Transmit commands use a function tone followed by low-level guard tone, which holds the transmitter on. They may include things like:
* Transmit, channel 1
* Transmit, channel 2
* Transmit, channel 3
* Transmit, channel 4
* Transmit with CTCSS encode disabled (used to send two-tone sequential paging tones)
* Transmit site 1 [Site selection can be referred to as transmitter steering. Using a channel select button, in some systems the dispatcher can select a transmitter that is likely to reach a field unit with the best signal. This is used most often in regional systems where one transmitter will not create an adequate signal over the whole coverage area. The dispatcher must know geography and radio signal behavior well enough to pick an appropriate site. In some systems, the calling mobile radio user will queue the dispatcher to respond using a specific transmitter site. For example, "Downtown 6 to base on South Mountain." ]
* Transmit site 2
* Transmit site 3
* Transmit site 4

: for example, the second tone of a sequence might be 10% of the level of the first tone. The highest level tones are set to the maximum allowable for the DS-1 channel or telephone line. The figure at right shows the envelope of a function tone's two-tone sequence.

Maintenance

Levels and equalization

Level discipline, setting the tone output levels at the remote control, affects the reliability of a tone remote. Audio levels set too low may cause the transmitter to drop out when speech peaks occur. The combination of voice and signaling tones is supposed to lie in a balance. If everything is set ideally, a notch filter at the base station blocks the steady 2,175 Hz tone from going out on the air.

Level discipline varies from one system to another. In order to get the transmitter to key reliably, sometimes the continuous tone that holds the transmitter on may have to be set so it is heard in the transmit audio. Sometimes equalization problems with a telephone circuit make it necessary to run higher levels than a circuit with a flat response from 300 to 3000 Hz would require.

Audio level compression

Remote control consoles use audio level compression in transmit and receive audio paths.

In documentation for most any console, receive audio is described as having a 30 decibel (db) knee of compression: for a 30 db variation in input audio level, the speaker volume changes by 3 db. [There are many examples all citing this figure. One of many would be "Maintenance Manual: Deskon II Remote Control Unit for Standard and GE Mark V Trunked Mobile Radio Desk Top and Wall Mount", part number LBI30968B, (Lynchburg, Virginia: General Electric Mobile Radio, unknown year.) ] This is desirable because persons calling on the radio who are whispering or yelling would ideally be intelligible and be presented to the console user at roughly the same volume. It helps reduce the need to constantly adjust the volume control to accommodate different voices. It also helps the console user talk on the telephone without loud sounds coming from the remote control speaker. A professional dispatcher will often set the console volume at a setting similar to the telephone's perceived volume. This allows the dispatcher to shift her attention between the radio and the phone without continually adjusting volume controls during a conversation.
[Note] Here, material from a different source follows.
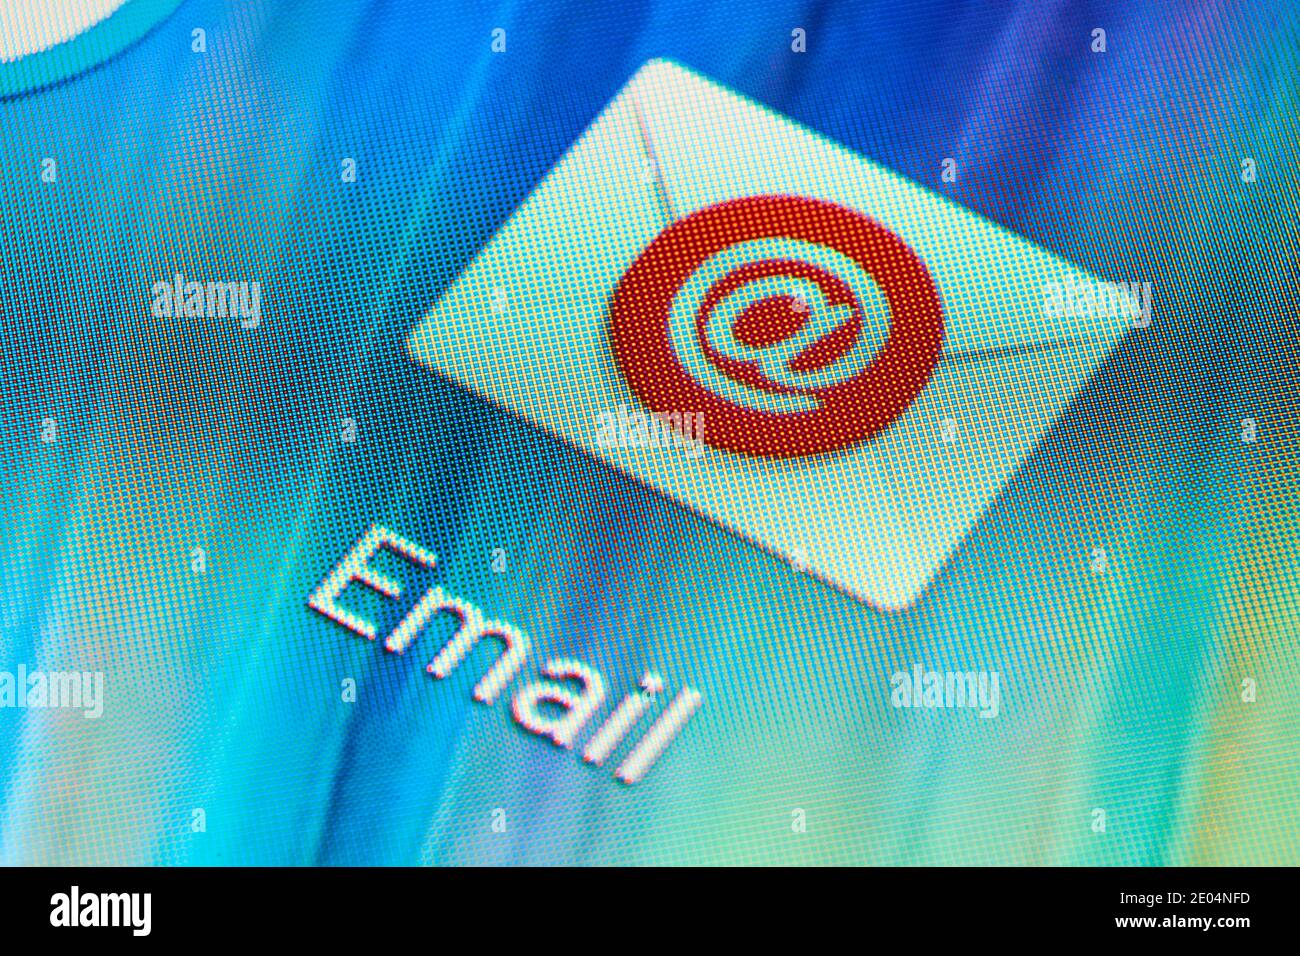 BUENOS AIRES, ARGENTINA - JULY 18, 2019: Macro shot of email mobile application icon on Android phone screen. Common emailing app. Stock Photo

Transmit audio is compressed so that field units can hear the base station user over background environmental noise present in cars and in the street scape around walkie-talkie users.

Tone conflicts

In designing a system, it is important to pick selective calling tones that do not conflict with remote control tones in use.

Analog voting systems usually utilize either 2,175 Hz or 1,950 Hz as an indication a receiver is squelched or idle. In the case of 2,175 Hz, the steady tone leaking from a receiver phone line, or from the output of the voting comparator, may cause the transmitter to lock on.

Two wire versus four wire

The simplest tone remote system uses a two-wire audio circuit to operate a simplex base station. If simultaneous transmit and receive is required, a four-wire or full duplex audio path to the base station is required. Systems using diversity combining (voting) require four-wire circuits.

Some systems where transmitter steering is employed may also require a separate audio path for transmit and receive, (four-wire circuits).